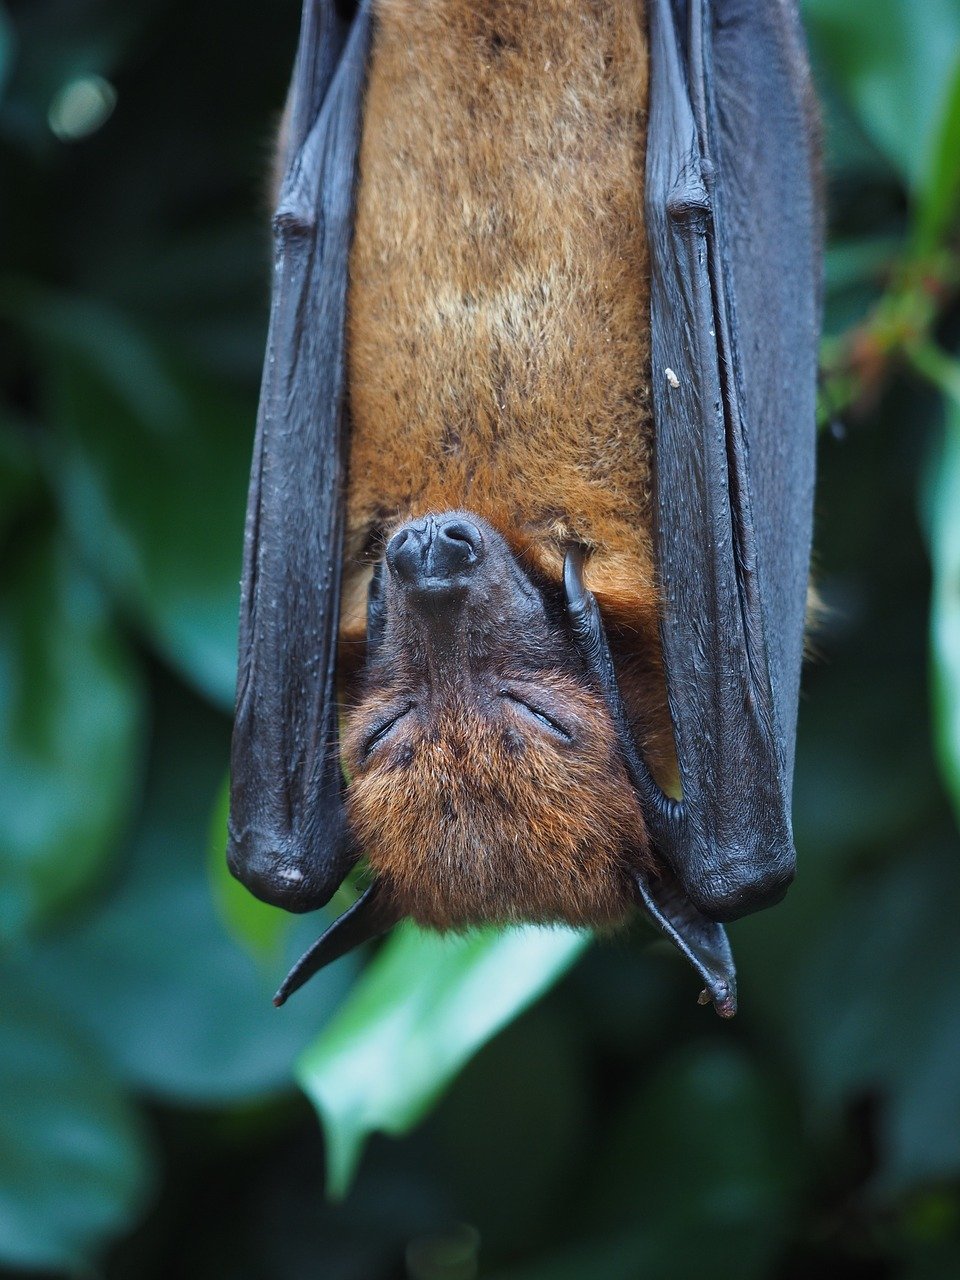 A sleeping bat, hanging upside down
...
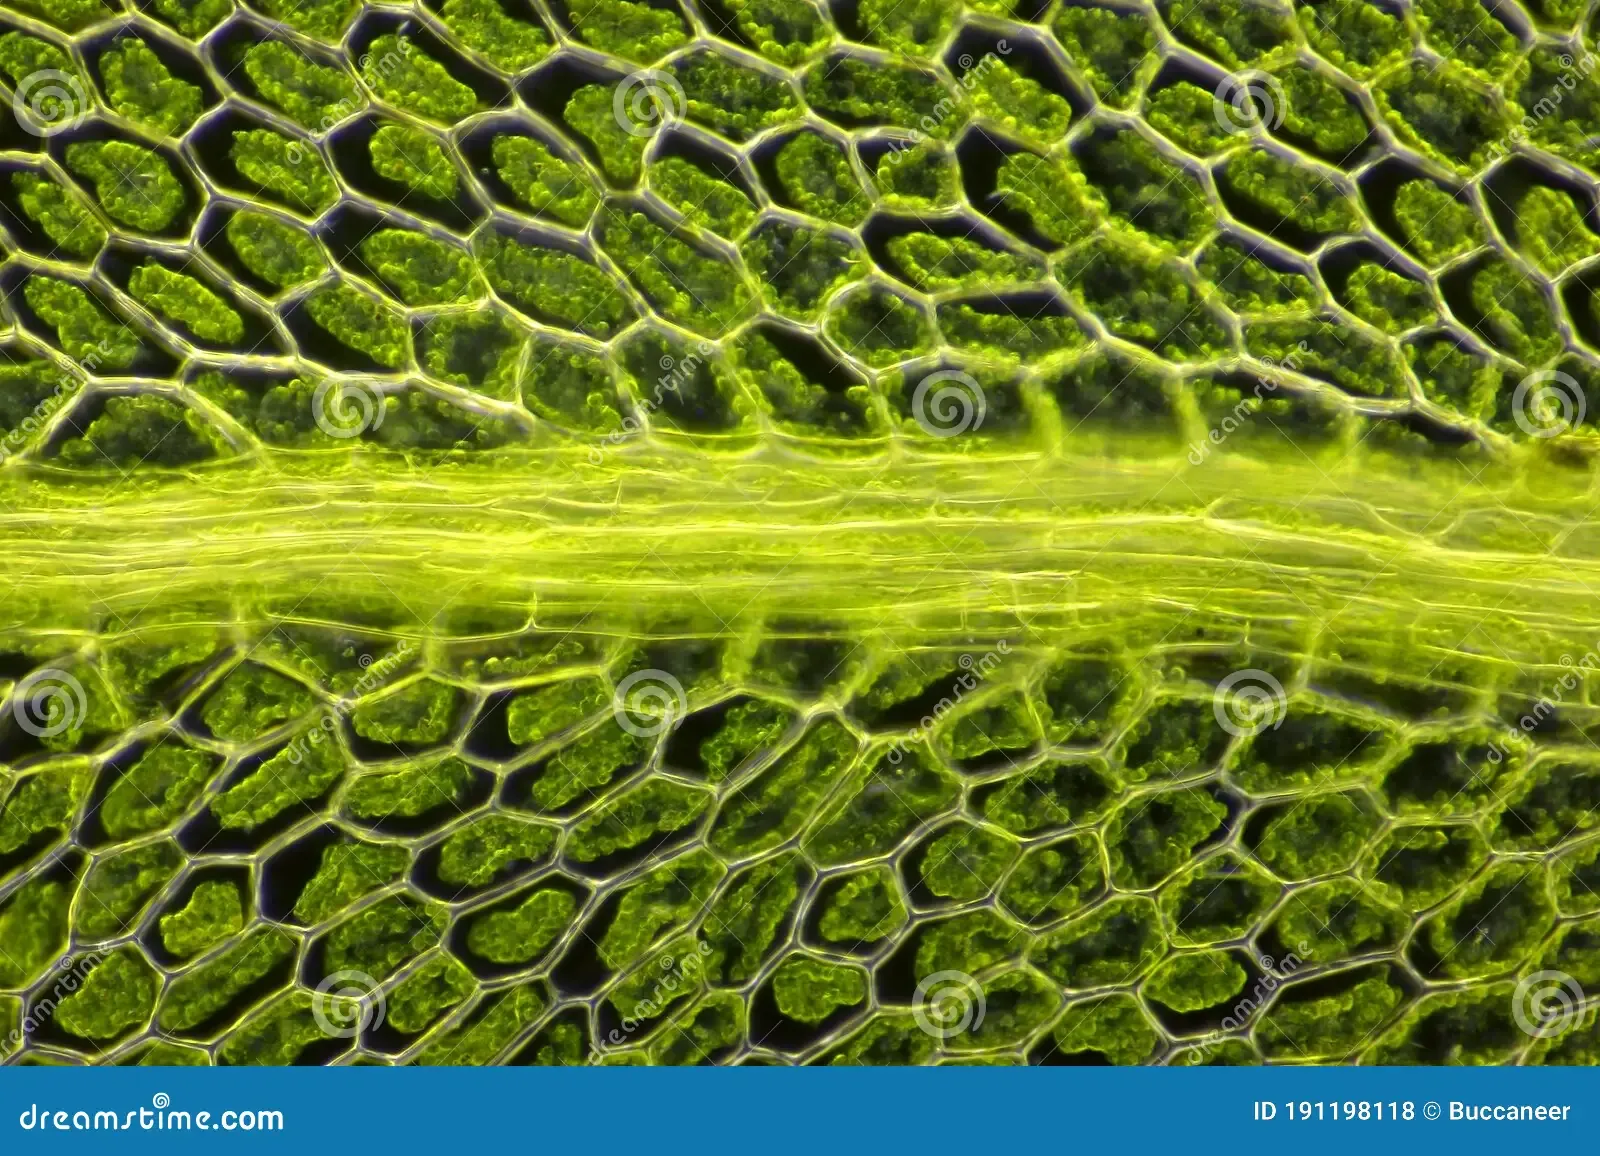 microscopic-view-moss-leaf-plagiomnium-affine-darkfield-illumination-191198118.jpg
* * *
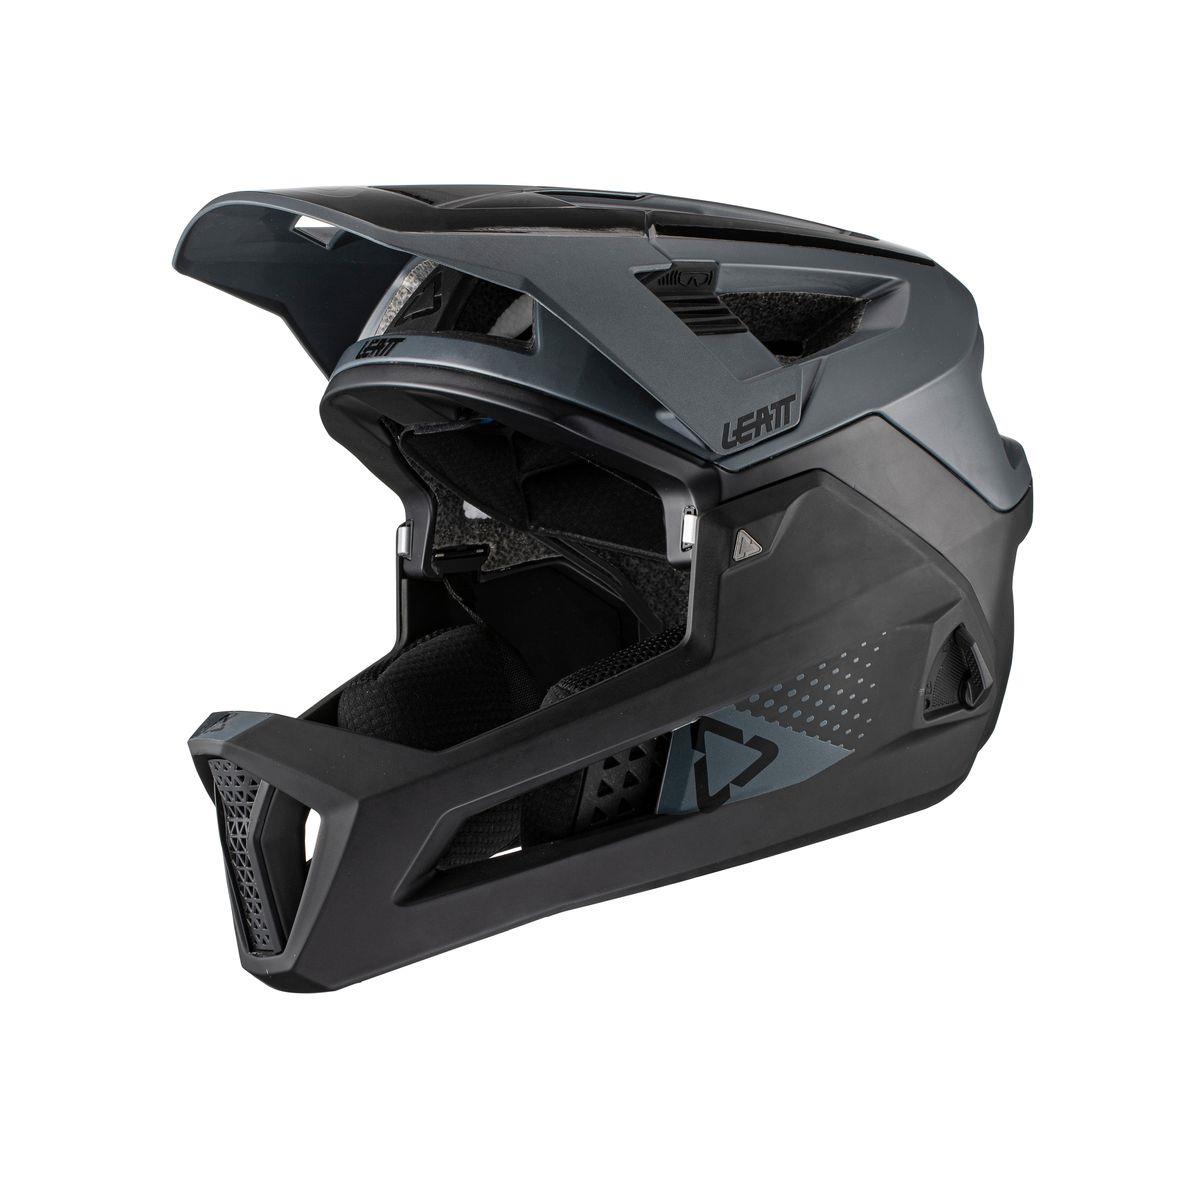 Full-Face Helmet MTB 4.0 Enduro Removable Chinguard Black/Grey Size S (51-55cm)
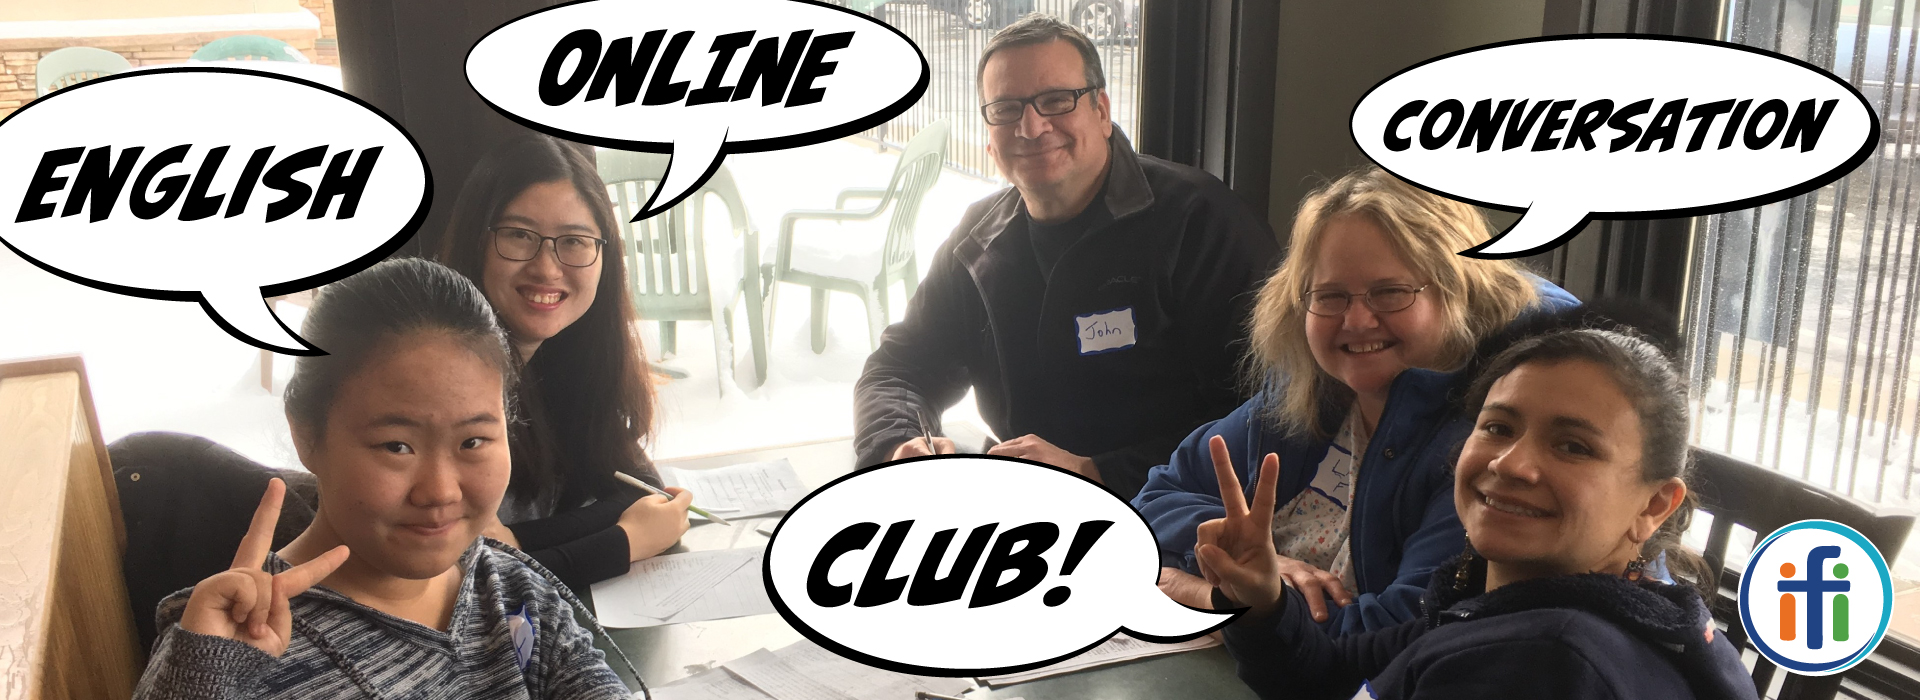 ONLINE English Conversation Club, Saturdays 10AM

**Exercise prompt:**
From the records above, return exactly the lines running from the one that contains "Full-Face Helmet MTB" down to the one that contains "ONLINE English Conversation", both included, without any pictures.

**Reply to the task:**
 Full-Face Helmet MTB 4.0 Enduro Removable Chinguard Black/Grey Size S (51-55cm)
 ONLINE English Conversation Club, Saturdays 10AM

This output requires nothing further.